Exercise instructions - From the line containing "Skip counting anchor" to the end of the records below, both included, every line should be repeated exactly; pictures should be dropped.

Stored records:
—————

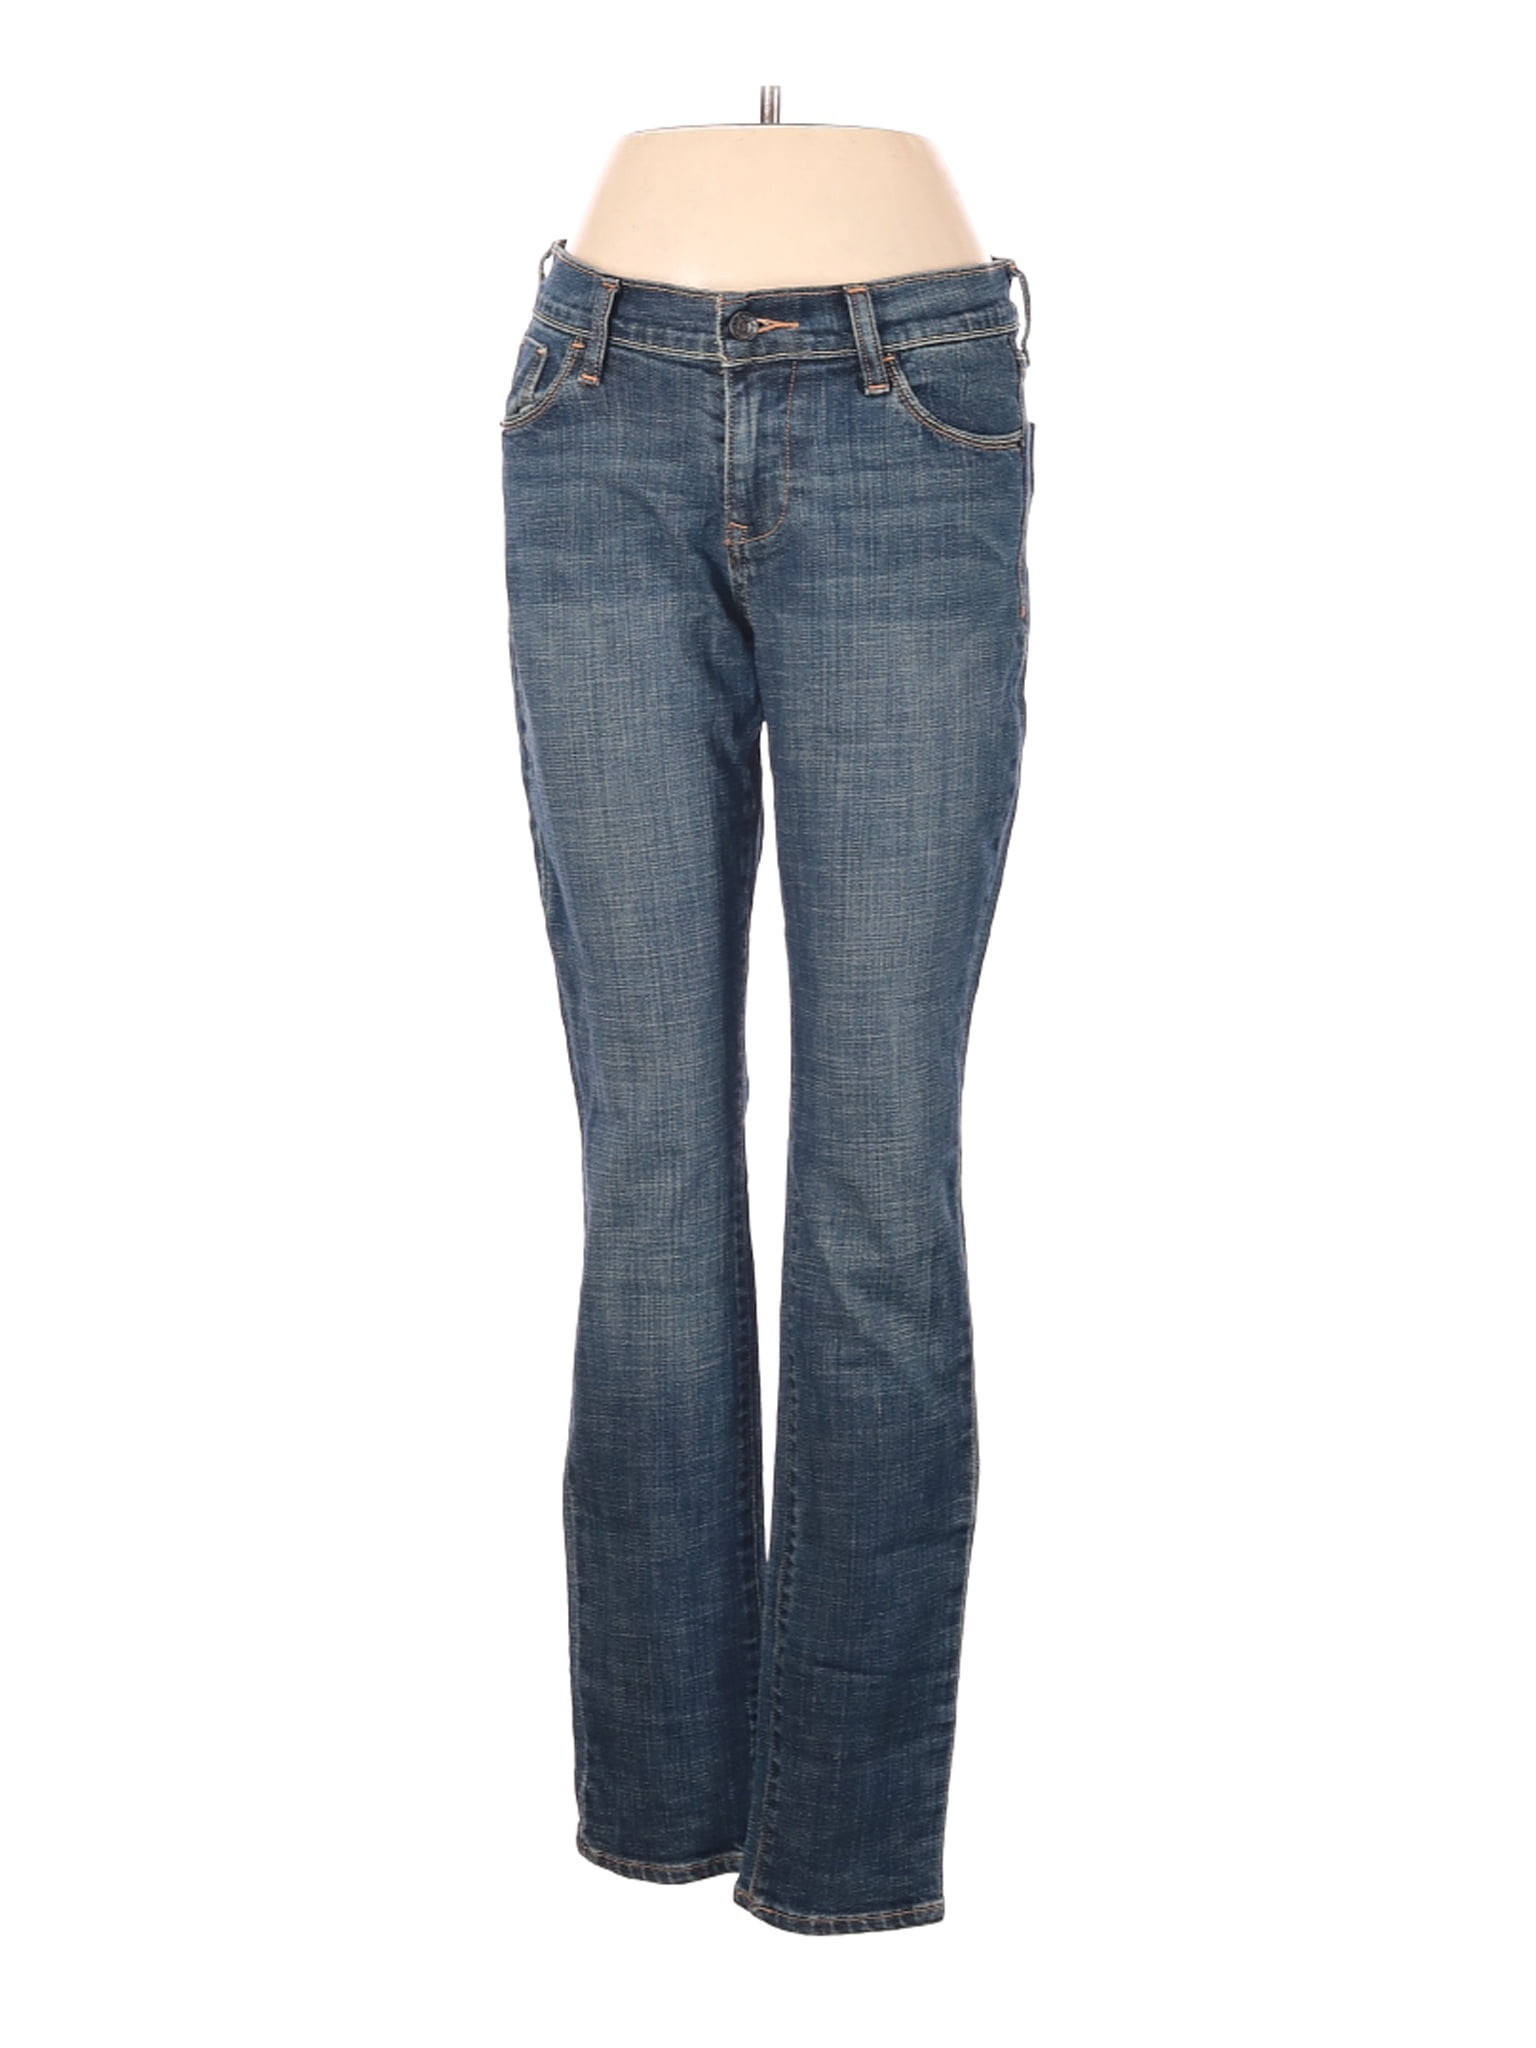 old navy size 2 jeans
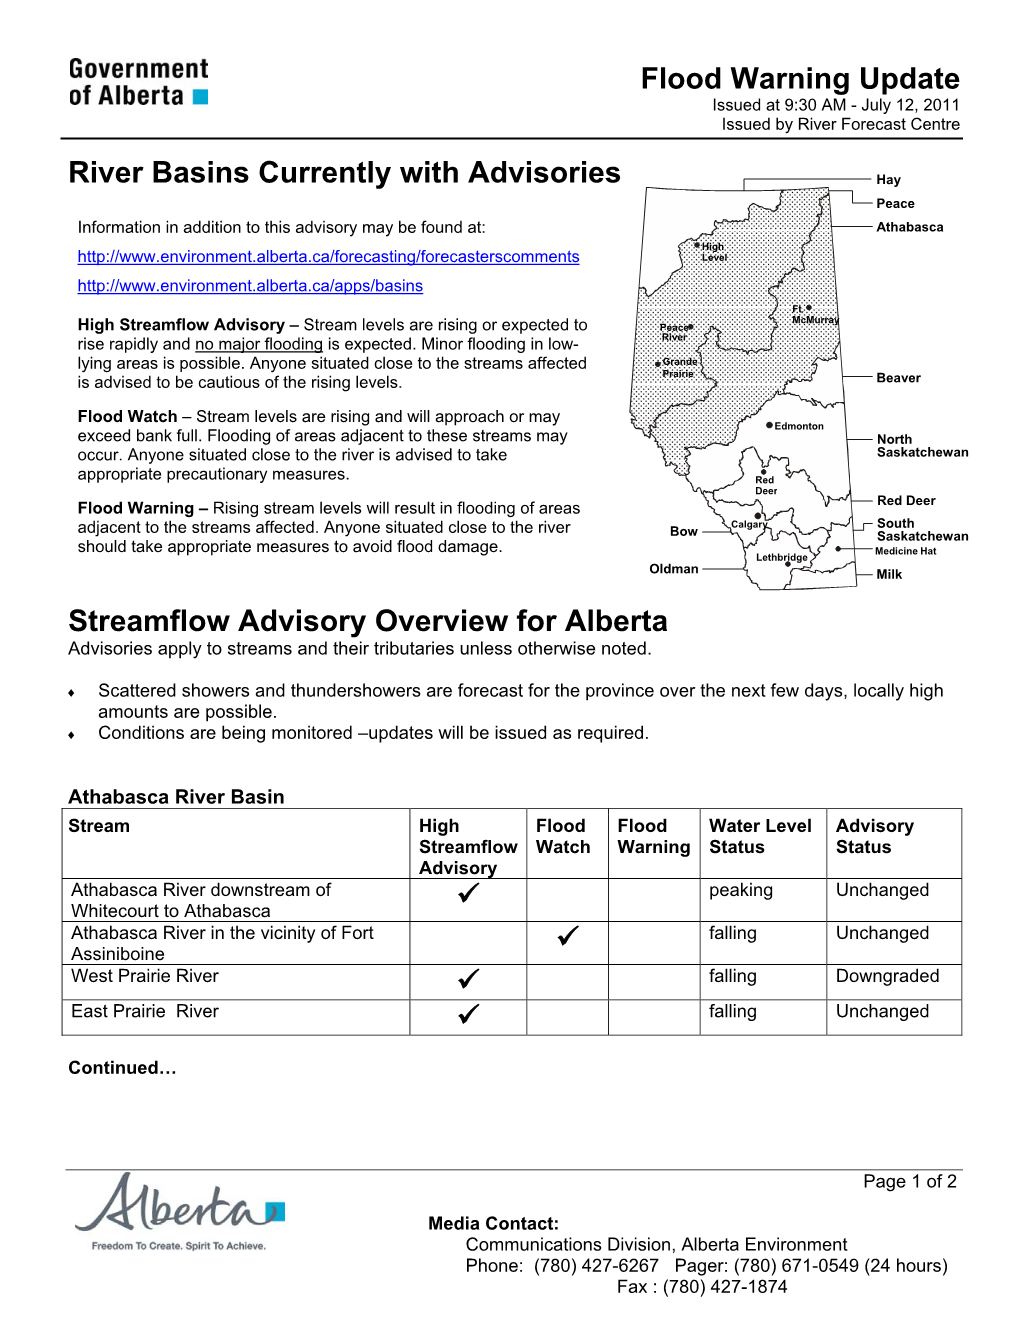 Flood Warning Update River Basins Currently with Advisories
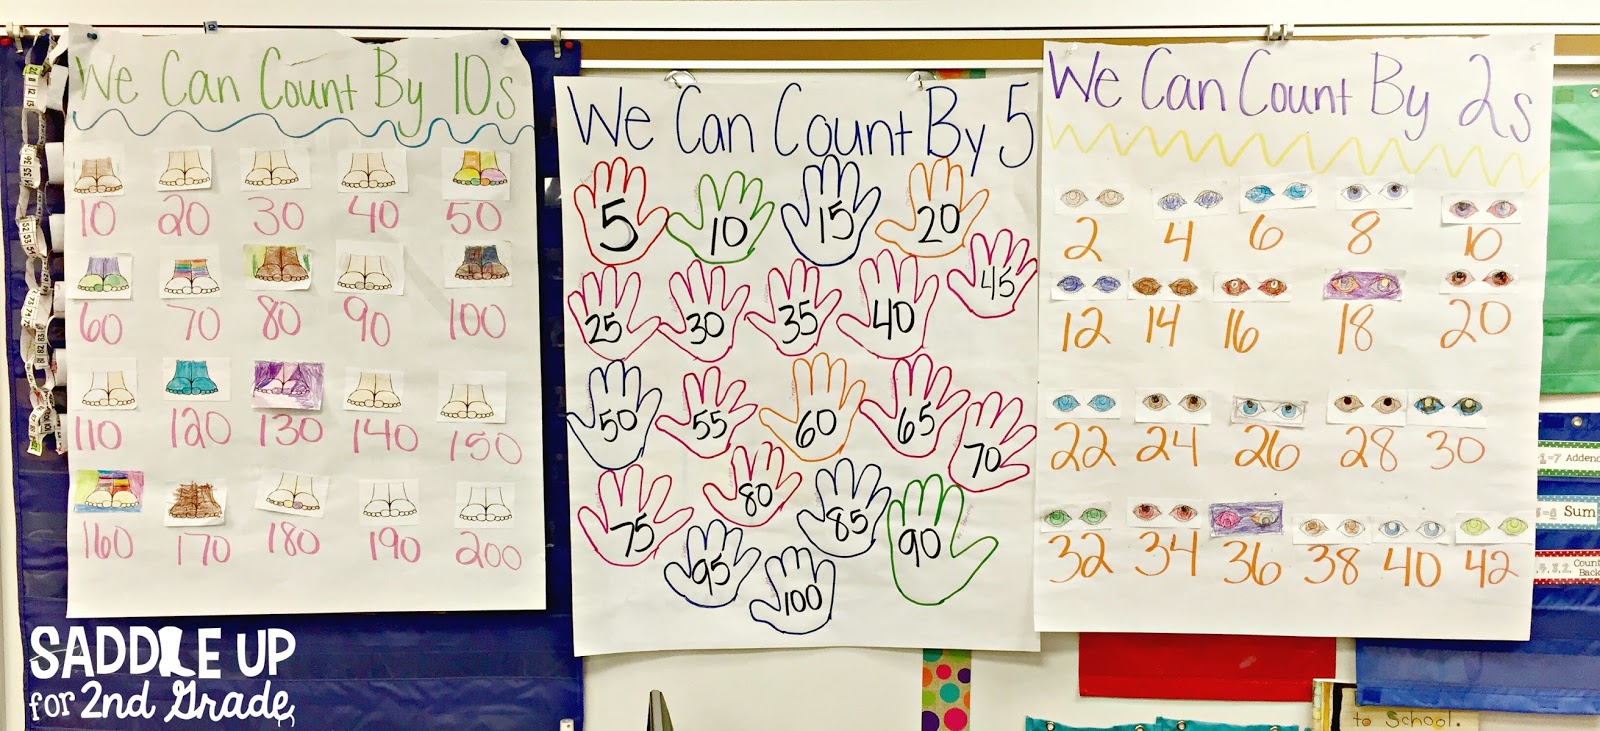 Skip counting anchor charts for counting by 2s, 5s, and 10s
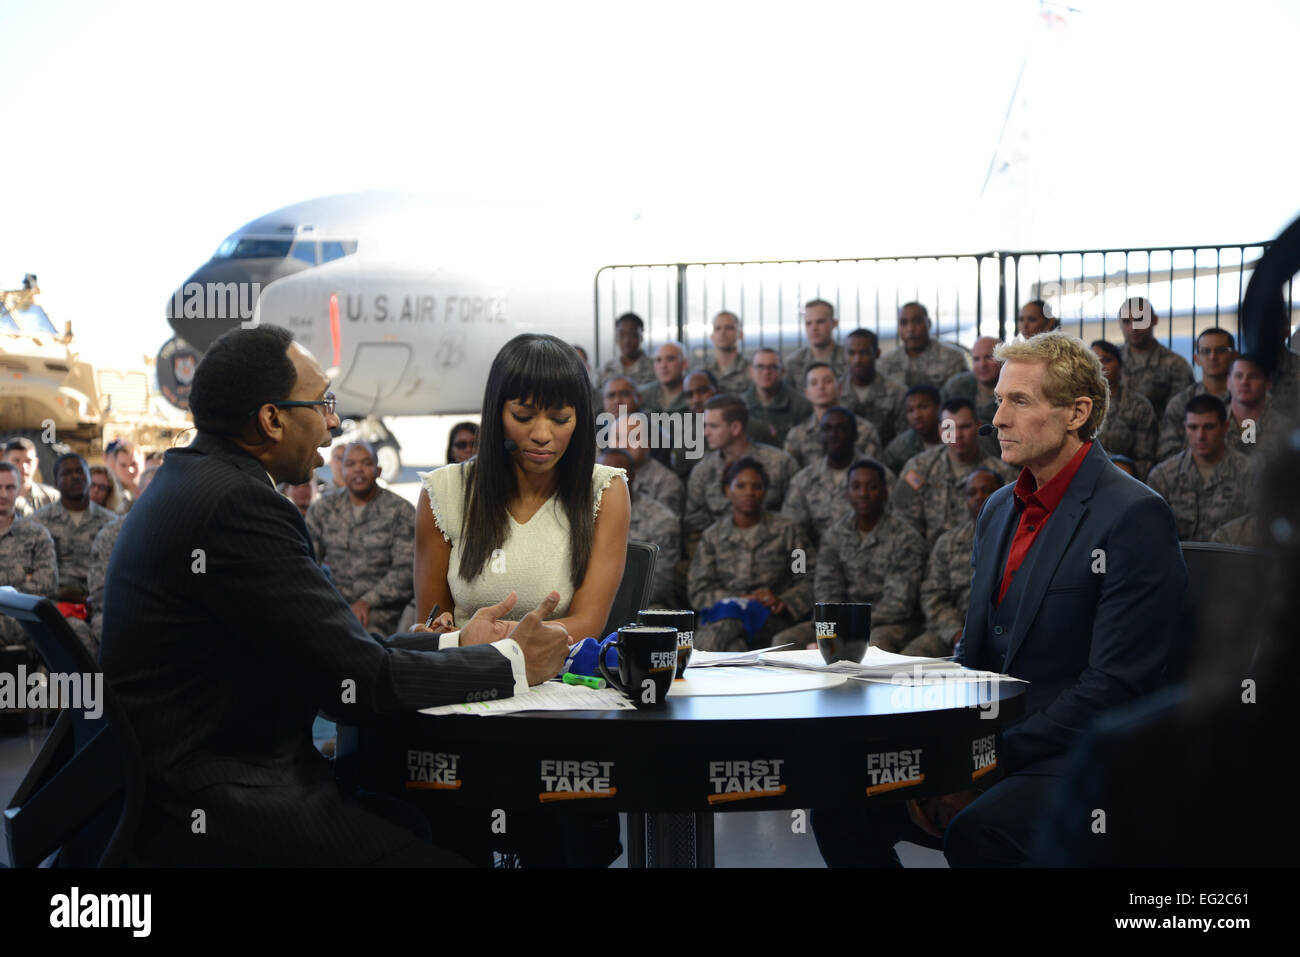 Airmen with the 108th Wing attend a special live broadcast of ESPN’s “First Take” hosted by Stephen A. Smith, Skip Bayless and Cari Champion, Nov. 10, 2014, at Joint Base McGuire-Dix-Lakehurst, N.J. The “Salute the Troops” broadcast, in honor of Veterans Day, was set with a backdrop of a KC-10 Extender, KC-135 Stratotanker and other military vehicles.  Tech. Sgt. Carl Clegg Stock Photo
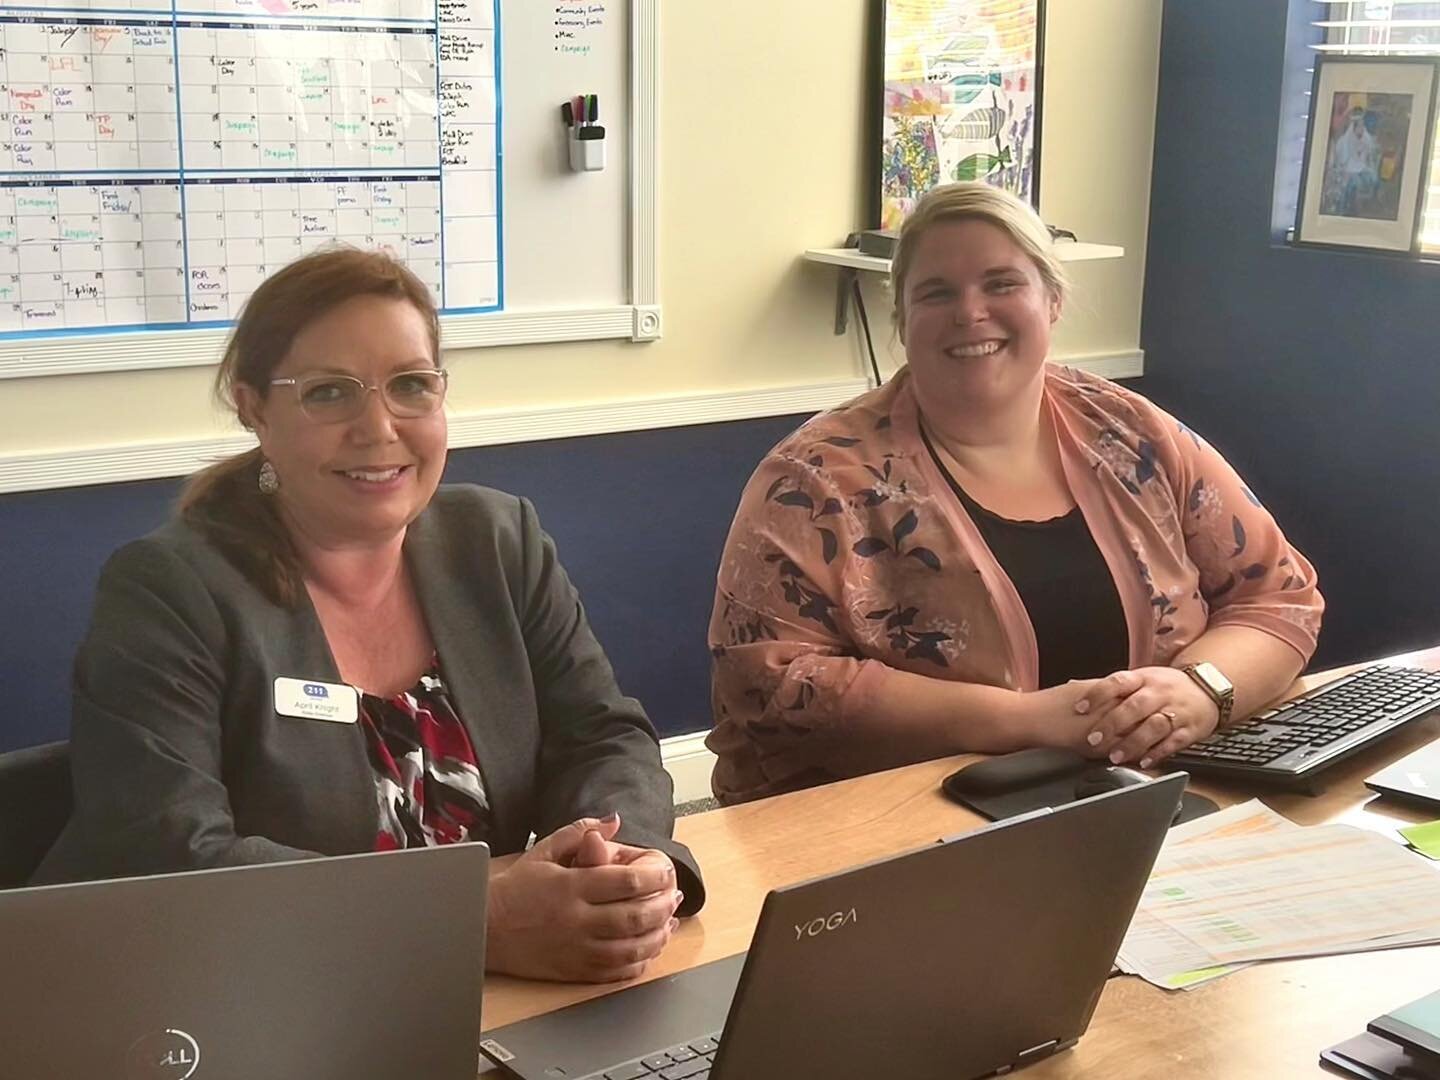 We are so excited to have April Knight, the State Director for West Virginia 211, spending a couple of days with us this week! 😃

April is working with our Community Engagement Specialist, Delaney, to continue our efforts to build a strong 211 syste

—————

Reply -
 Skip counting anchor charts for counting by 2s, 5s, and 10s
 Airmen with the 108th Wing attend a special live broadcast of ESPN’s “First Take” hosted by Stephen A. Smith, Skip Bayless and Cari Champion, Nov. 10, 2014, at Joint Base McGuire-Dix-Lakehurst, N.J. The “Salute the Troops” broadcast, in honor of Veterans Day, was set with a backdrop of a KC-10 Extender, KC-135 Stratotanker and other military vehicles.  Tech. Sgt. Carl Clegg Stock Photo
 We are so excited to have April Knight, the State Director for West Virginia 211, spending a couple of days with us this week! 😃

April is working with our Community Engagement Specialist, Delaney, to continue our efforts to build a strong 211 syste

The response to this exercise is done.